**Instructions for the task**
Please copy exactly the lines that run from the start of the entries to the line containing "dal 19 luglio 2018 al 23 luglio 2018", inclusive.

── Extracted material ──

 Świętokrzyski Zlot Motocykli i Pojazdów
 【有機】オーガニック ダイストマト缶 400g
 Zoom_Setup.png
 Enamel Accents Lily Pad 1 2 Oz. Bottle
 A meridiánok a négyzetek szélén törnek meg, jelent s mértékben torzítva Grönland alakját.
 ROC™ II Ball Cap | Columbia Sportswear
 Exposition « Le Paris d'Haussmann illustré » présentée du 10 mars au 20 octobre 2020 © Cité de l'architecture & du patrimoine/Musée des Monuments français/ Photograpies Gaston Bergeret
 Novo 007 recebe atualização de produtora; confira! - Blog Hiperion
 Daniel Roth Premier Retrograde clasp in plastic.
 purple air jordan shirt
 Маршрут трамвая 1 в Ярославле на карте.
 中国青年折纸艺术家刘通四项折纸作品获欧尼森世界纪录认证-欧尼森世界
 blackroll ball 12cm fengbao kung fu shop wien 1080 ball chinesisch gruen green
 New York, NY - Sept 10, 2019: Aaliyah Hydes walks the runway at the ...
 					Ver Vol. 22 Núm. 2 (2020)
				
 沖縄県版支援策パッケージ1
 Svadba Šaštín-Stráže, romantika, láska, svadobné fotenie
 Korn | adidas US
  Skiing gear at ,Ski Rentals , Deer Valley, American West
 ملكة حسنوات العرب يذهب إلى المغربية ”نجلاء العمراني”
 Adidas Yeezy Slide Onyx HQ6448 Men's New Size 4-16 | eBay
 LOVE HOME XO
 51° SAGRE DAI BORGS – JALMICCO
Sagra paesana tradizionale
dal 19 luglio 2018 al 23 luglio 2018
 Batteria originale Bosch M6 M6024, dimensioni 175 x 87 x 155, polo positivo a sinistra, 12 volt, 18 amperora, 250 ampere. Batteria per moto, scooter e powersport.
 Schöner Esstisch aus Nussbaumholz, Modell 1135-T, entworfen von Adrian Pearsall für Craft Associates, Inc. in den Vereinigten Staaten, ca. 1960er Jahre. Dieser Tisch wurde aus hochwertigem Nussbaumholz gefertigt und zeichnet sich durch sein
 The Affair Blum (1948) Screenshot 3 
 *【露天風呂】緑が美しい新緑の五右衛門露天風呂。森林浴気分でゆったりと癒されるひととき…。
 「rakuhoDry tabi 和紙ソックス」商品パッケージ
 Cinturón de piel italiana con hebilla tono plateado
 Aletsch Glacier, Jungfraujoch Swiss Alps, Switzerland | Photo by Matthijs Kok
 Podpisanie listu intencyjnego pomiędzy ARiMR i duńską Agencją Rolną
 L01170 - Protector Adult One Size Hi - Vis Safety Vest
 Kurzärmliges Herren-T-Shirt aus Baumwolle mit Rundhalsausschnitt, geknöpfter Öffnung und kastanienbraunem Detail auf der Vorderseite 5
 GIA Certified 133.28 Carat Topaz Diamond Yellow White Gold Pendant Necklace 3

───

**Answer box**
 Świętokrzyski Zlot Motocykli i Pojazdów
 【有機】オーガニック ダイストマト缶 400g
 Zoom_Setup.png
 Enamel Accents Lily Pad 1 2 Oz. Bottle
 A meridiánok a négyzetek szélén törnek meg, jelent s mértékben torzítva Grönland alakját.
 ROC™ II Ball Cap | Columbia Sportswear
 Exposition « Le Paris d'Haussmann illustré » présentée du 10 mars au 20 octobre 2020 © Cité de l'architecture & du patrimoine/Musée des Monuments français/ Photograpies Gaston Bergeret
 Novo 007 recebe atualização de produtora; confira! - Blog Hiperion
 Daniel Roth Premier Retrograde clasp in plastic.
 purple air jordan shirt
 Маршрут трамвая 1 в Ярославле на карте.
 中国青年折纸艺术家刘通四项折纸作品获欧尼森世界纪录认证-欧尼森世界
 blackroll ball 12cm fengbao kung fu shop wien 1080 ball chinesisch gruen green
 New York, NY - Sept 10, 2019: Aaliyah Hydes walks the runway at the ...
 					Ver Vol. 22 Núm. 2 (2020)
				
 沖縄県版支援策パッケージ1
 Svadba Šaštín-Stráže, romantika, láska, svadobné fotenie
 Korn | adidas US
  Skiing gear at ,Ski Rentals , Deer Valley, American West
 ملكة حسنوات العرب يذهب إلى المغربية ”نجلاء العمراني”
 Adidas Yeezy Slide Onyx HQ6448 Men's New Size 4-16 | eBay
 LOVE HOME XO
 51° SAGRE DAI BORGS – JALMICCO
Sagra paesana tradizionale
dal 19 luglio 2018 al 23 luglio 2018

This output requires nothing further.